● **Your instructions**
The output is a word-for-word repeat of the listing below, free of images.

● **Information supplied**
-*-

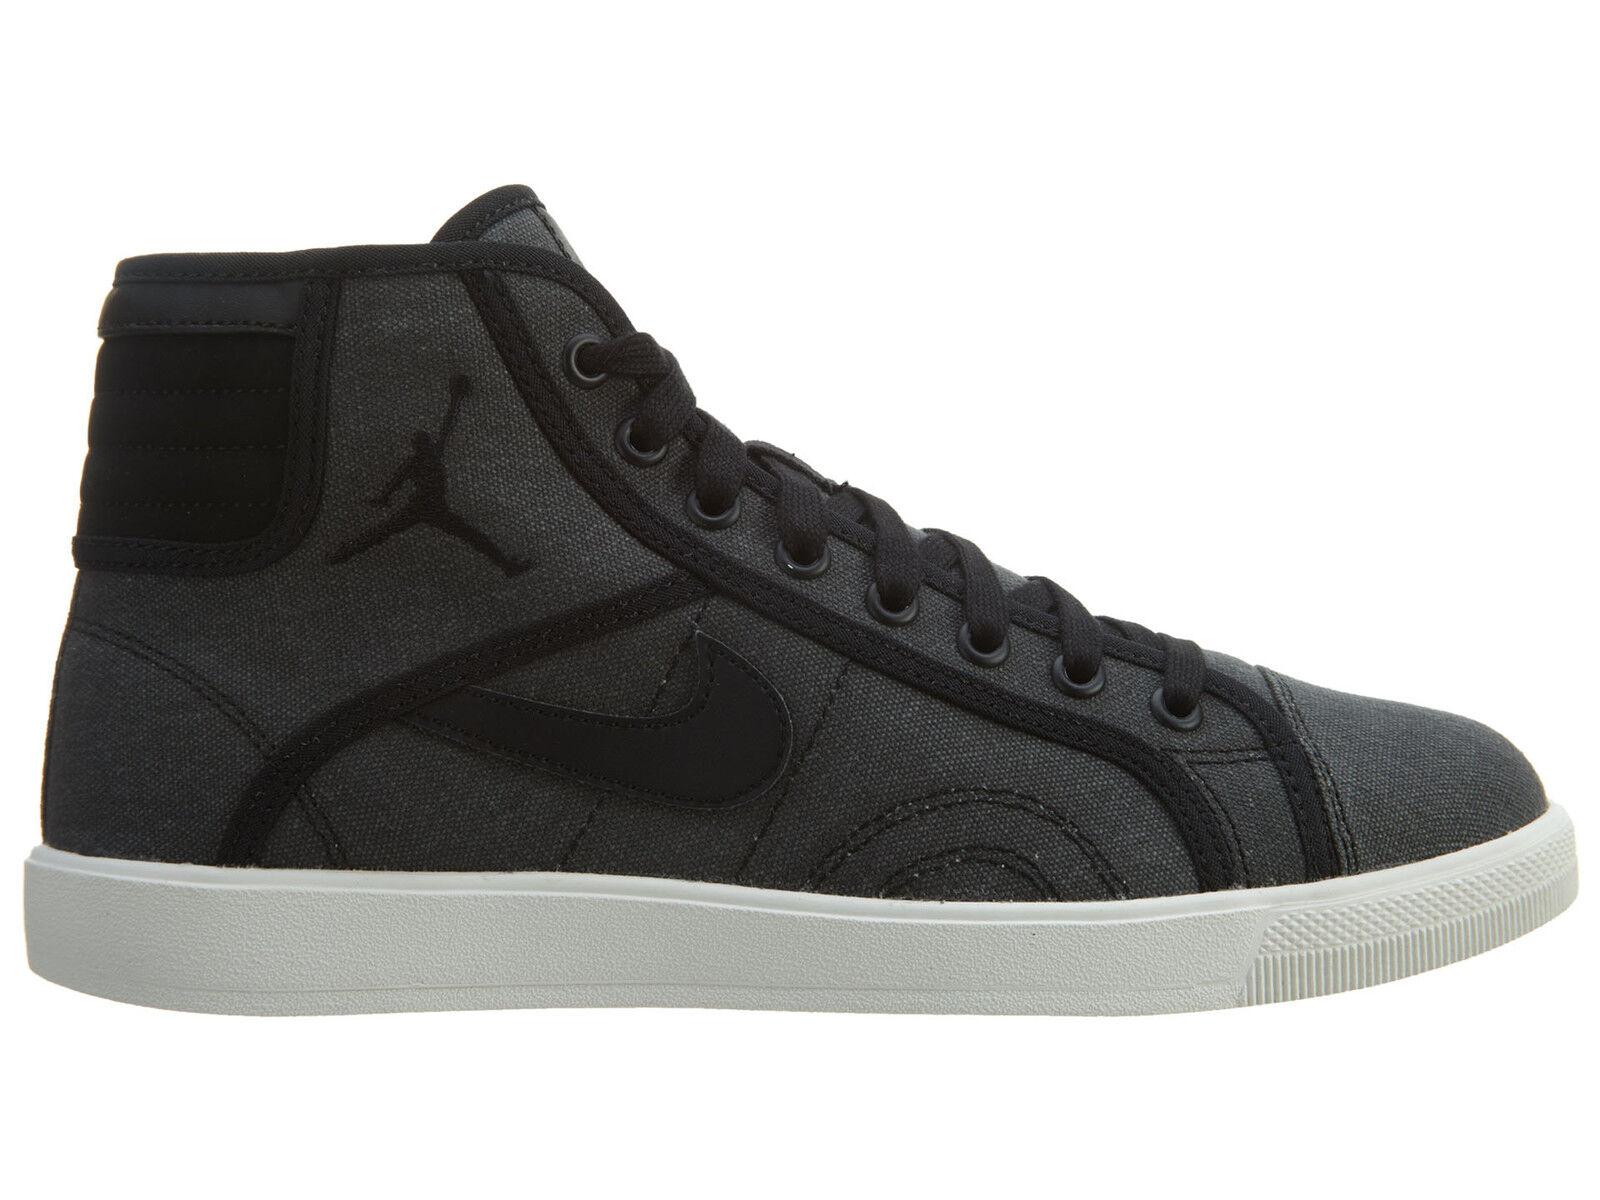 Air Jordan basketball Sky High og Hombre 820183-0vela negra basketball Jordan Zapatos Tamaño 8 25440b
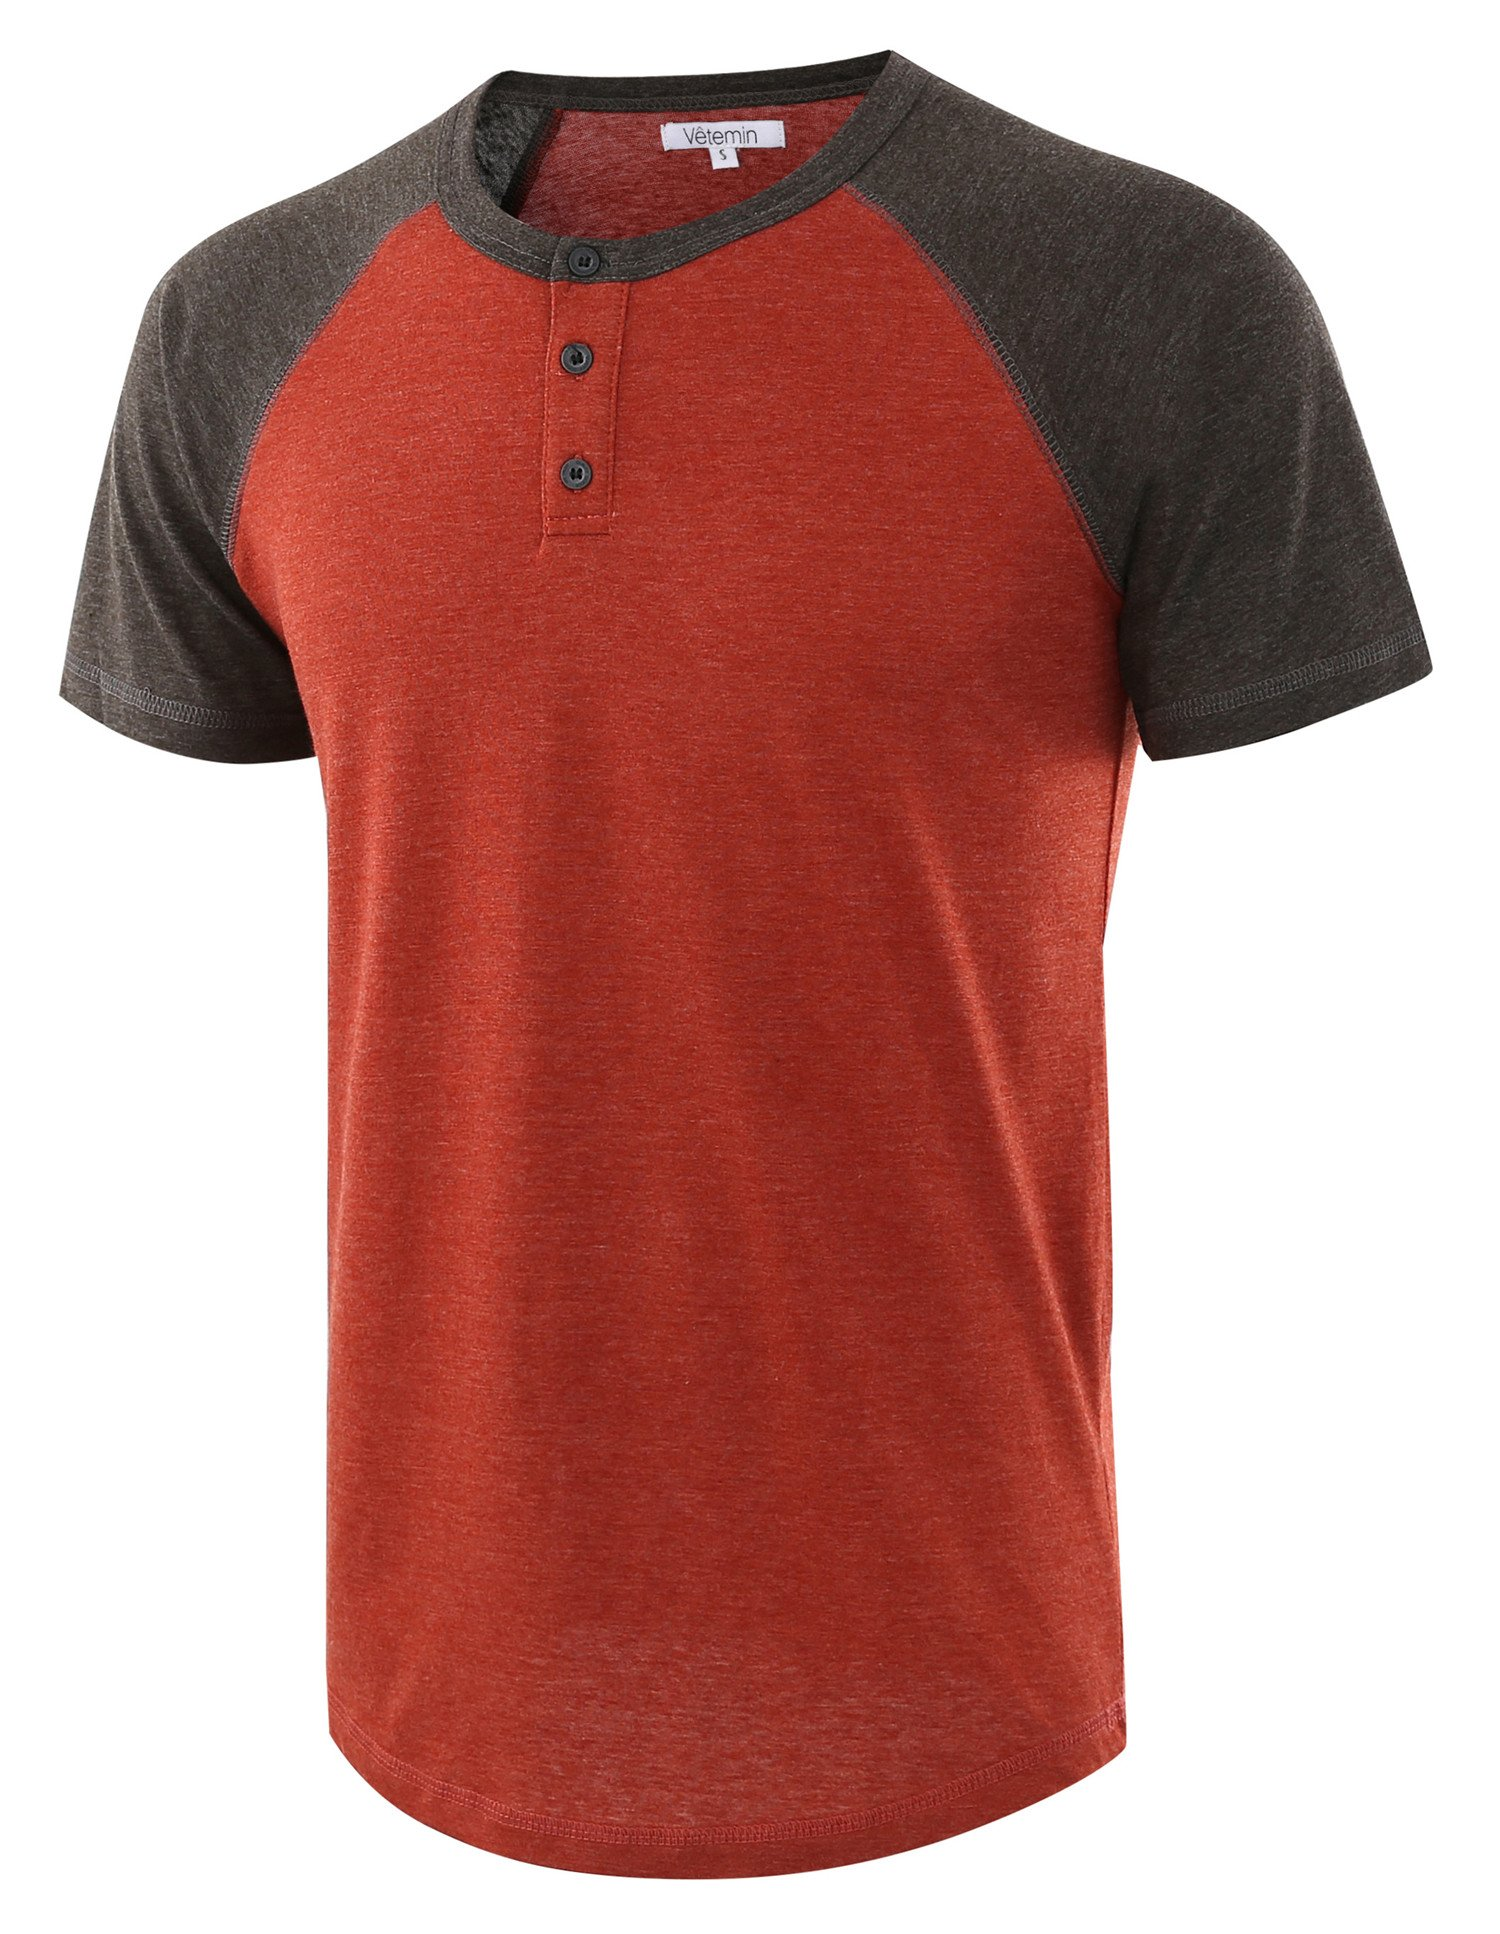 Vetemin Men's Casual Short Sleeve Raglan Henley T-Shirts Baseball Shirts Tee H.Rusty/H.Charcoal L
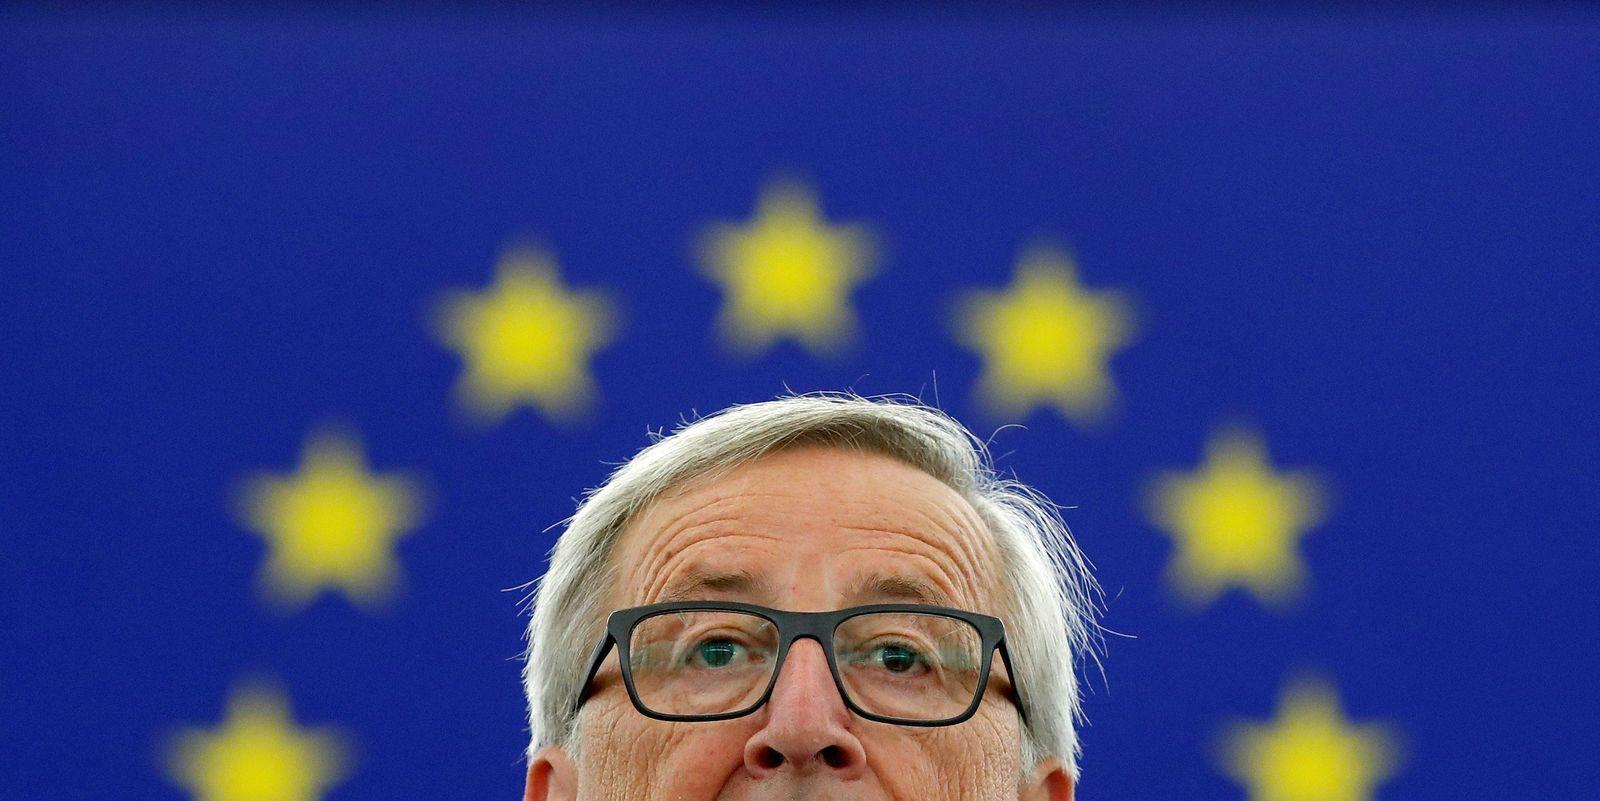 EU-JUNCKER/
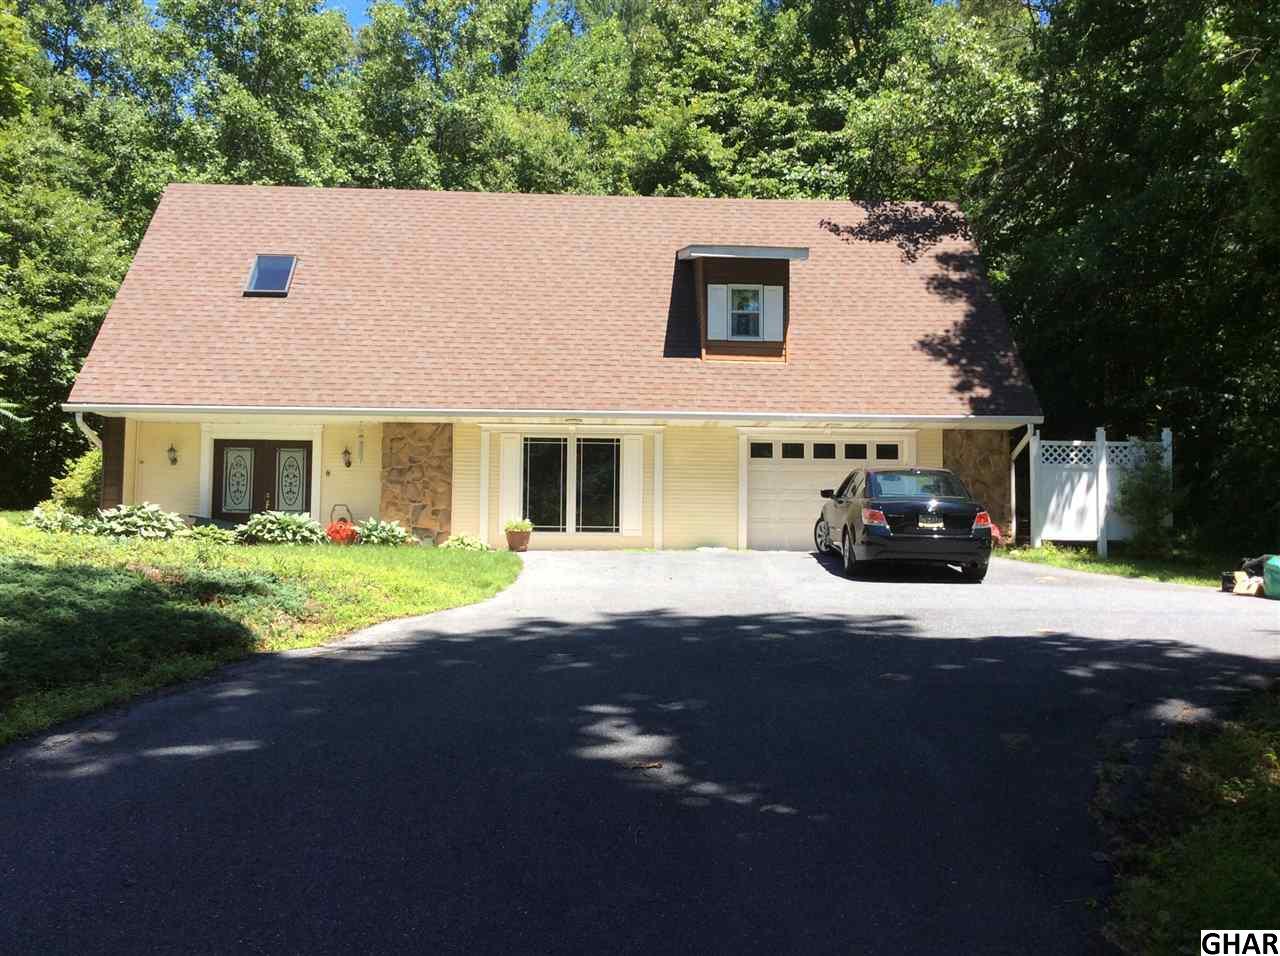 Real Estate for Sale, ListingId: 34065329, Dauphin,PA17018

-*-

● **Answer to this problem**
 Air Jordan basketball Sky High og Hombre 820183-0vela negra basketball Jordan Zapatos Tamaño 8 25440b
 Vetemin Men's Casual Short Sleeve Raglan Henley T-Shirts Baseball Shirts Tee H.Rusty/H.Charcoal L
 EU-JUNCKER/
 Real Estate for Sale, ListingId: 34065329, Dauphin,PA17018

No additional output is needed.